Future perspectives and final considerations

Findings about the mechanisms behind macrophage activation during different metabolic profiles in human diseases present an exciting prospect, as there are pathologies that have been associated with a particular macrophage phenotype. In this context, the polarization of macrophages in schistosomiasis and their consequent ability to promote an effective immune response seem to be an attractive therapeutic approach associated with conventional chemotherapy treatments.
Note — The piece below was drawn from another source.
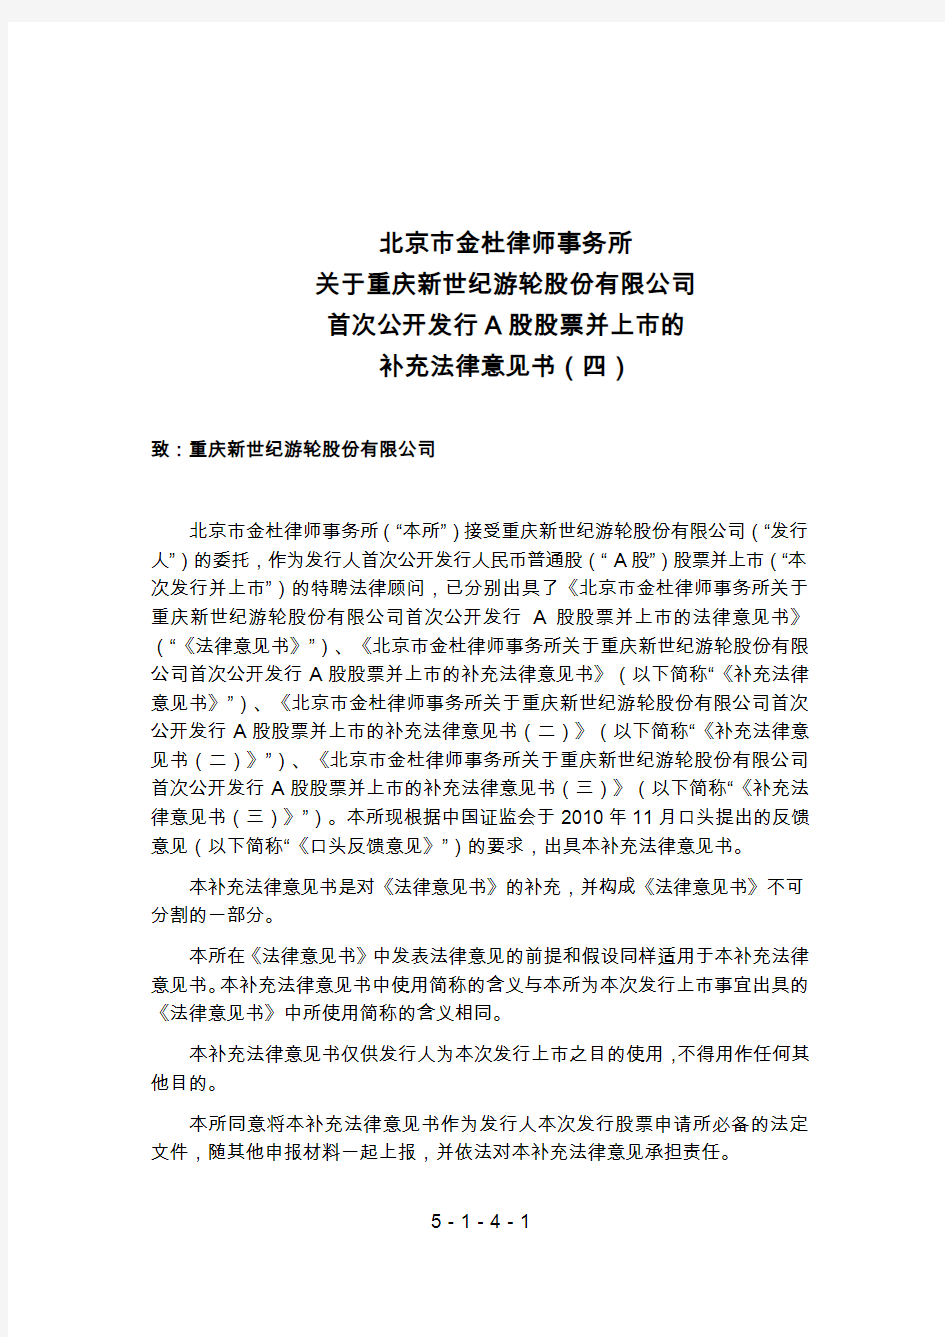 世纪游轮：北京市金杜律师事务所关于公司首次公开发行A股股票并上市的补充法律意见书(四) 2011-02-11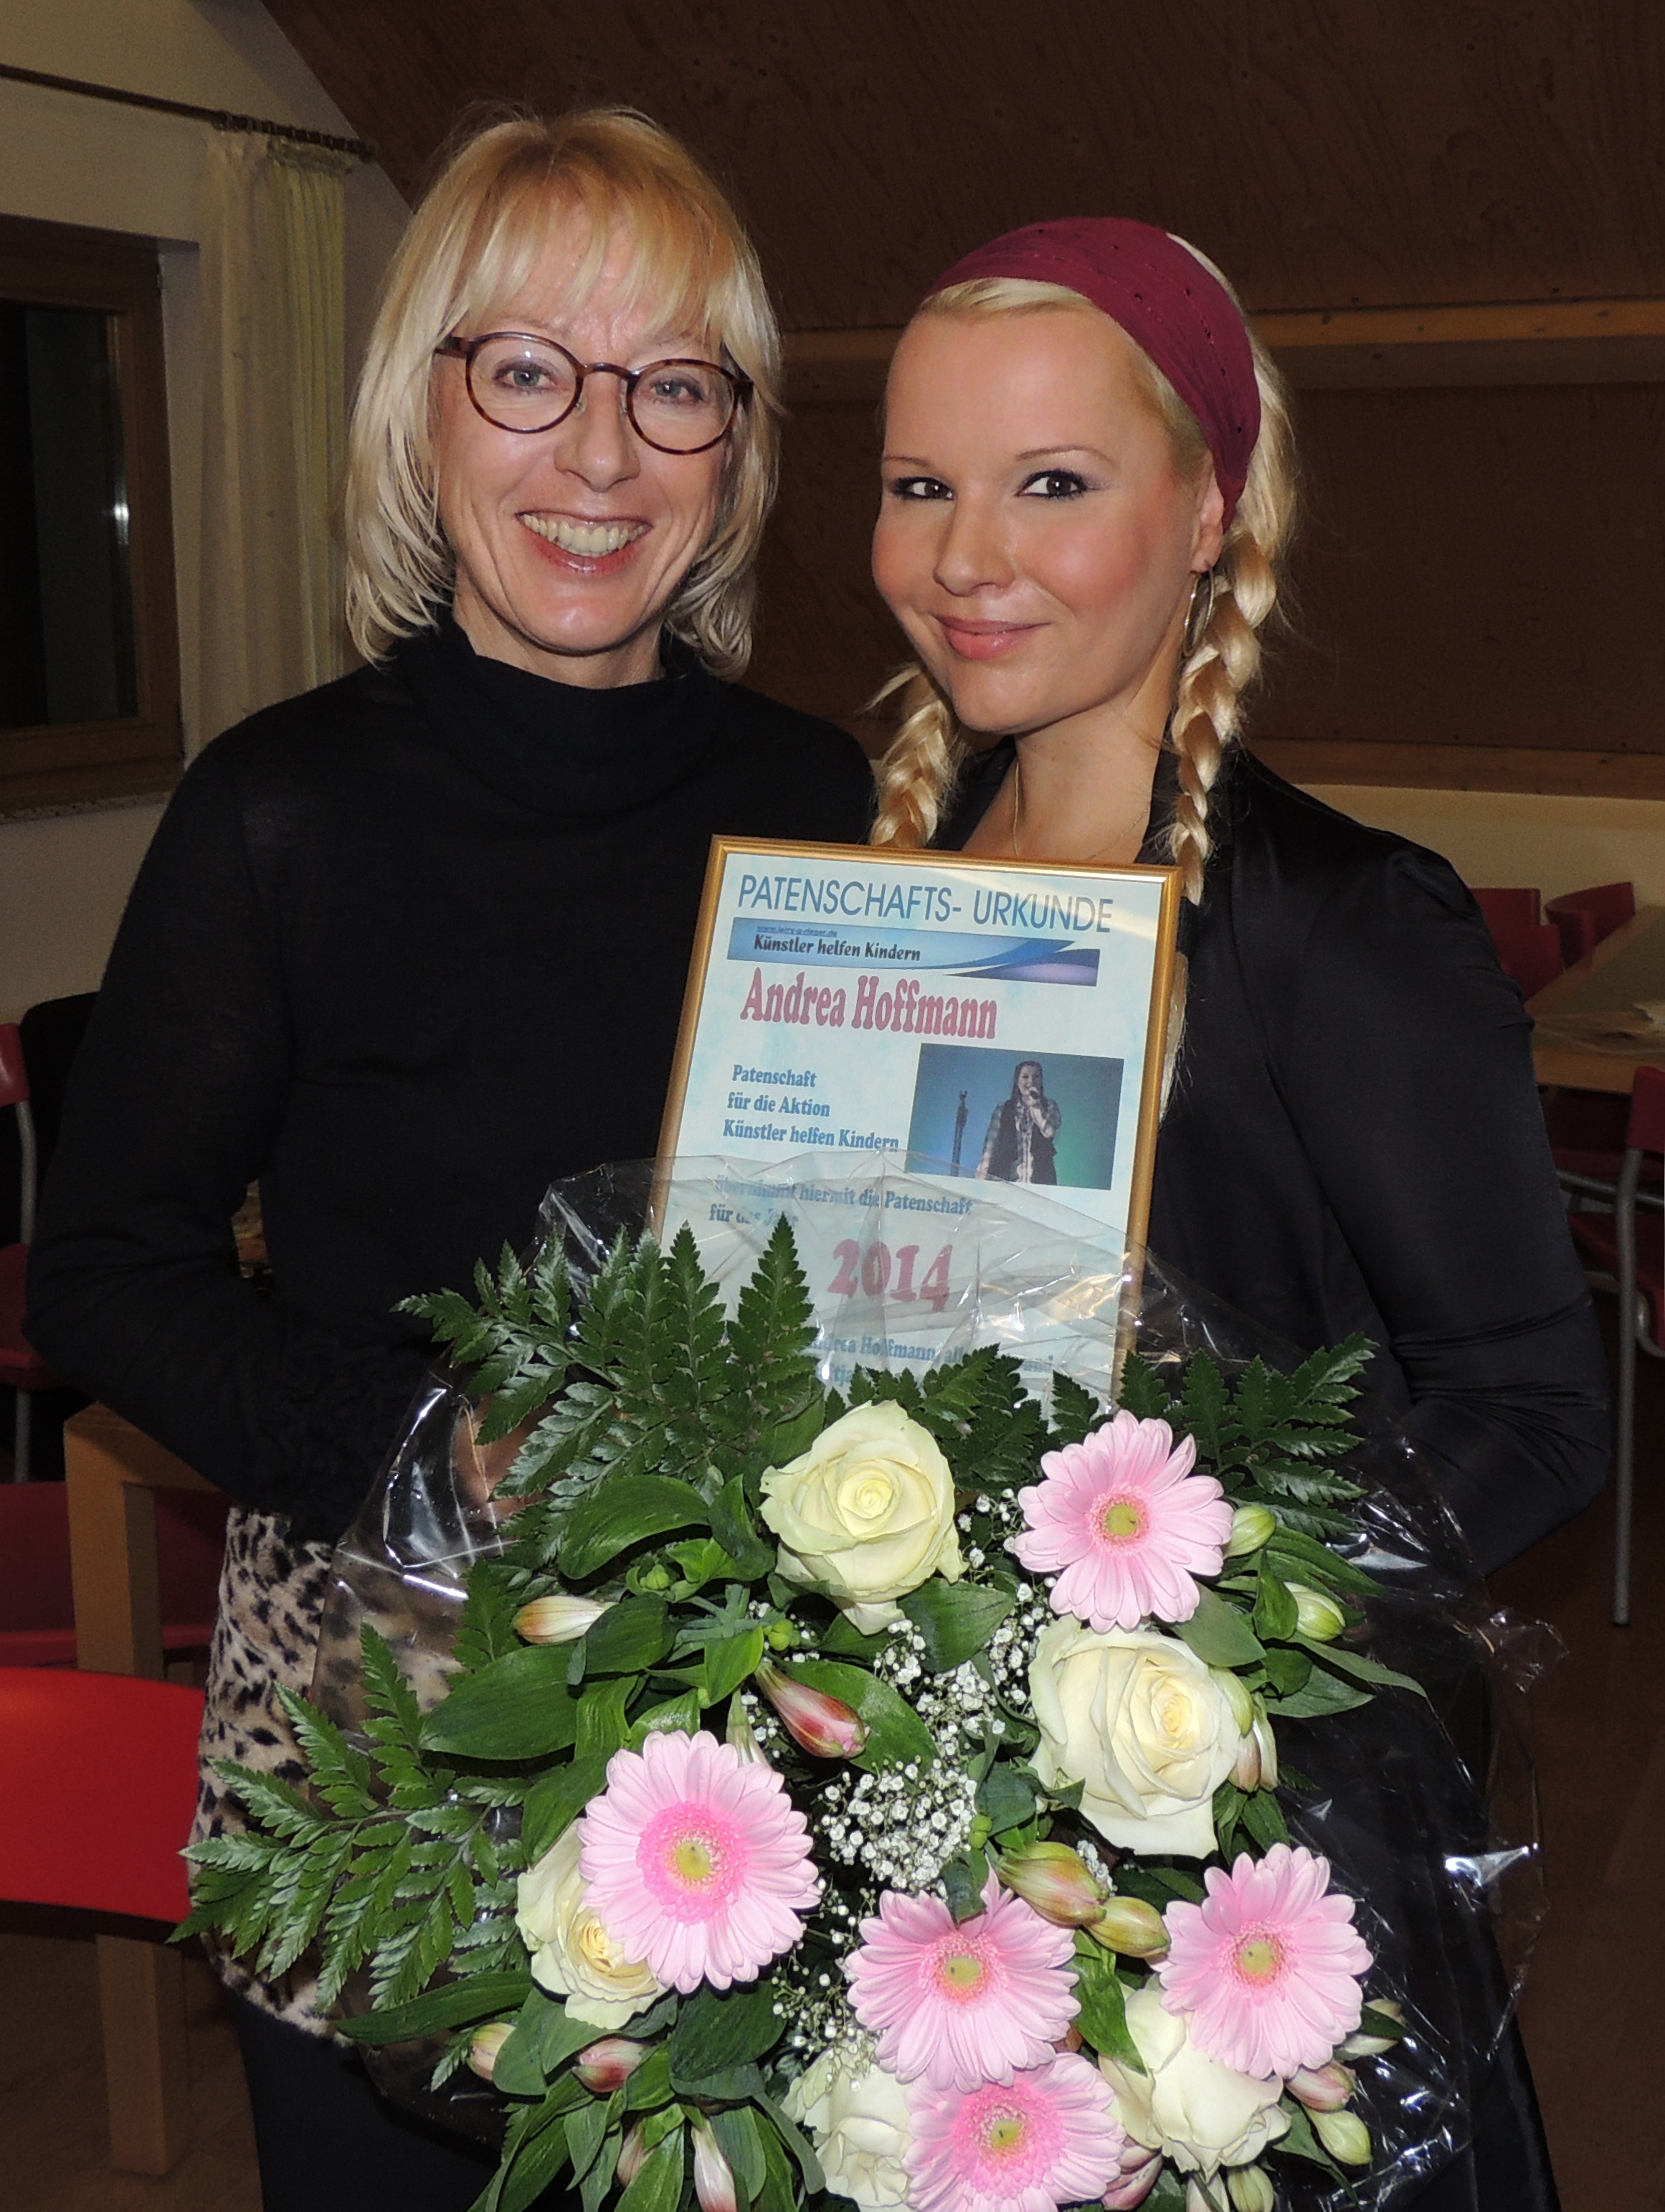 KÖLN: Bürgermeisterin Frau E. Scho-Antwerpes mit Andrea Hoffmann, Patin 2014 für die Aktion "Künstler helfen Kindern" in Köln

Overall, the findings highlighted in this review demonstrate the relevance and complexity of understanding the mechanisms involved in macrophage polarization (M1/M2) in schistosomiasis. The S. japonicum and S. mansoni antigens in macrophage polarization are particularly important in this process. These products have been shown to have immunomodulatory effects in different phases of schistosomiasis and are seen as potential therapeutic targets for this disease, especially in the chronic phase. Among the potential therapeutics, the combination of different schistosome antigens can result in higher levels of host protection, stimulating an adequate immune response for either an M1 or M2 profile; however, this can only be achieved after many in vitro and in vivo experiments.